The right is likely to cut him some slack on his abortion and birth control shift because he needs to close the gender gap to win—and because that win could easily mean the end of Roe v. Wade, says Michelle Goldberg.
This week’s Gallup/USA Today poll looks like very bad news both for President Obama and the religious right.
Its most widely reported findings showed Mitt Romney erasing Obama’s once-formidable lead with female voters in swing states, one crucial to the president’s reelection hopes. But it also found that these voters care a lot about reproductive rights. Asked to name the most important issue for women in this election, almost 40 percent said abortion. Thirty-one percent of women said the candidates’ birth control policy would be “extremely important” in influencing their vote, and on that issue, respondents favored Obama by 21 points. These numbers suggested that Obama’s best chance of reopening the gender gap lay in emphasizing Romney’s support for hardline Republican positions on contraception and abortion.
It seems a safe bet that the campaigns are looking at internal polling saying the same thing, because suddenly both candidates are working hard to win over pro-abortion rights women. For Romney, who struggled to prove his anti-abortion rights bona fides during the Republican primary, this could be tricky. But social conservatives are likely to cut him quite a bit of slack, as a Romney victory could easily mean the end of Roe v. Wade. For that long-cherished dream, it’s worth putting up with a bit of rhetorical moderation.
At the debate on Tuesday night, Obama repeatedly brought up Romney’s pledge to eliminate federal funding for Planned Parenthood, while championing his own support for the federal mandate requiring insurance coverage of birth control. In the past, Romney has been outspoken against the mandate, calling it a violation of religious liberty, but on Tuesday, he tried to make it seem as if he backed it. “I don’t believe employers should tell someone whether they could have contraceptive care or not,” he said. “Every woman in America should have access to contraceptives. And—and the—and the president’s statement of my policy is completely and totally wrong.”
Then, on Wednesday, Romney’s campaign released a new ad aimed at moderate women. “You know, those ads saying Mitt Romney would ban all abortions and contraception seemed a bit extreme, so I looked into it,” says a young woman identified as Sarah Minto. “Turns out Romney doesn’t oppose contraception at all. In fact, he thinks abortion should be an option in cases of rape, incest, or to save a mother’s life.”
It isn’t the first time Romney has tried to distance himself from the absolutist anti-abortion position of his party—and his running mate. Last week, he told the Des Moines Register’s editorial board, “There’s no legislation with regards to abortion that I’m familiar with that would become part of my agenda.” That’s a pretty big turnaround from the stance he took during the primary campaign, when he published a statement titled “My Pro-Life Pledge” in National Review. In it, he promised, “[A]s president, I will support efforts to prohibit federal funding for any organization like Planned Parenthood, which primarily performs abortions or offers abortion-related services.” He also wrote that he would “advocate for and support a Pain-Capable Unborn Child Protection Act to protect unborn children who are capable of feeling pain from abortion.”
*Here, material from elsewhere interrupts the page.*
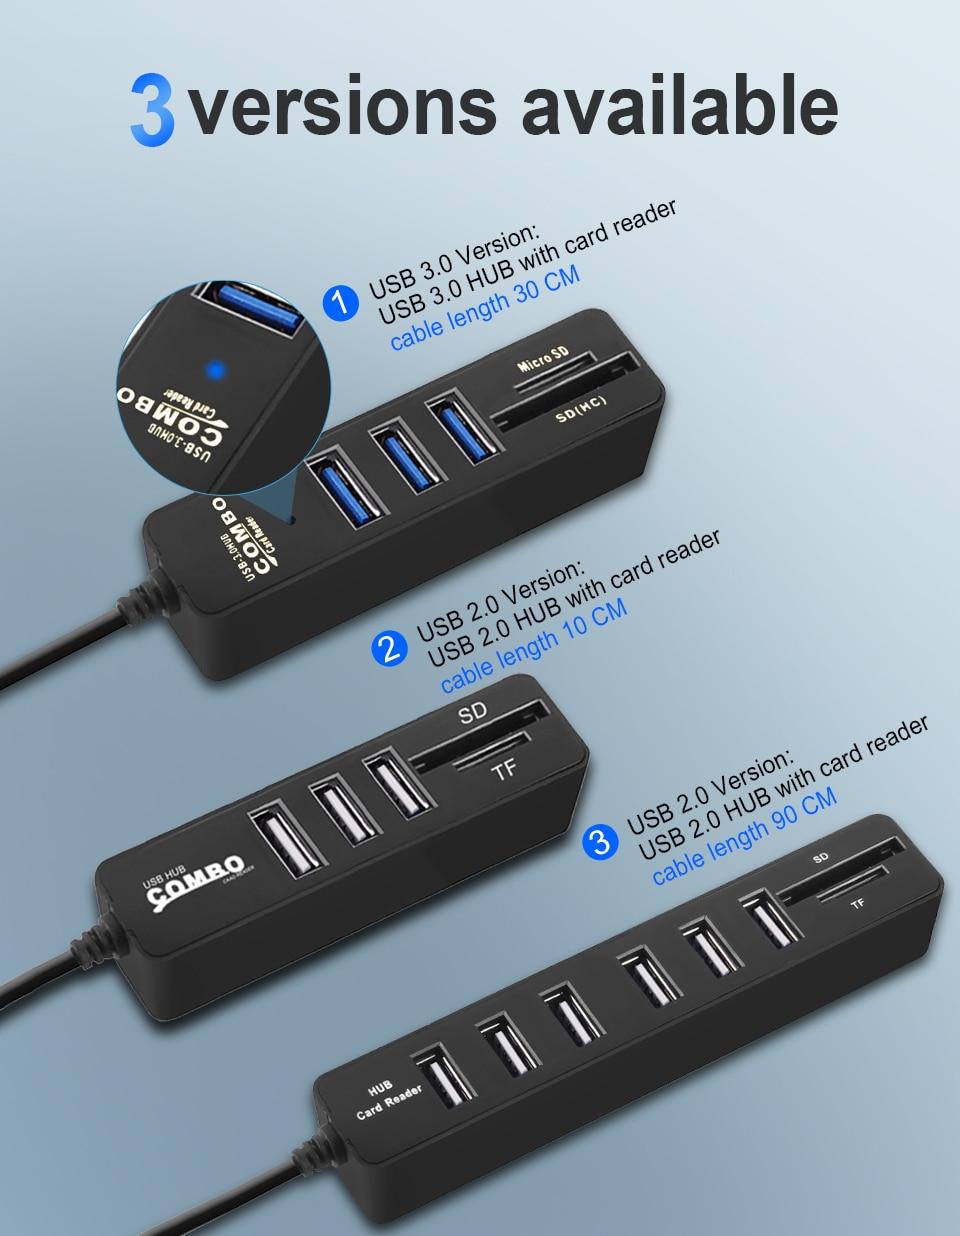 USB Hub 3.0 Multi USB 3.0 avec lecteur de cartes mémoires

So far, Romney has been able to pivot away from such commitments because the anti-abortion rights movement, desperate to regain the White House, has been cooperative. Even before his spokeswoman walked back his comments to the Des Moines Register, leaders of the religious right were quick to absolve him. “No alarm bells here,” the Family Research Council’s Tony Perkins told Talking Points Memo. “I’m fine with his answer and he’s made it very clear he’s pro-life,” Ralph Reed told the conservative website NewsMax.
Such statements provided space for Romney to move even further toward the center, fudging his stance on the contraceptive mandate. Taken literally, his words during the debate don’t represent a reversal—Romney has never said that a woman’s employer should have the power to prevent her from getting birth control, just from using her health insurance to pay for it. In the context of his exchange with Obama, though, Romney’s words were clearly meant to obfuscate. He was certainly unwilling to make the type of religious liberty arguments that he once used before right-wing audiences.
For some conservative leaders, that’s just fine. “What he said was, ‘I don’t believe anyone should tell a woman whether she should have contraception or not, and that is completely consistent with his position on the mandate,’” says Marjorie Dannenfelser, president of the anti-abortion rights Susan B. Anthony List. “I don’t in any way fault him for trying to communicate what his position really is.”
Until Election Day, the right will likely keep giving Romney leeway, but that leeway will only go so far. He cannot, for example, renege on his promise to defund Planned Parenthood or to appoint Supreme Court justices who will overturn Roe v. Wade without sparking revolt. Indeed, one reason social conservatives are willing to tolerate their candidate’s current feint toward the center is because the possibility of finally getting rid of Roe is so tantalizingly close. Three of the Supreme Court justices who support the decision are now in their 70s. Romney only needs to replace one of them to usher in an era of total abortion bans in many states and perhaps at the federal level as well. As long as social conservatives know this, they don’t mind if Romney tries to make sure that most voters don’t.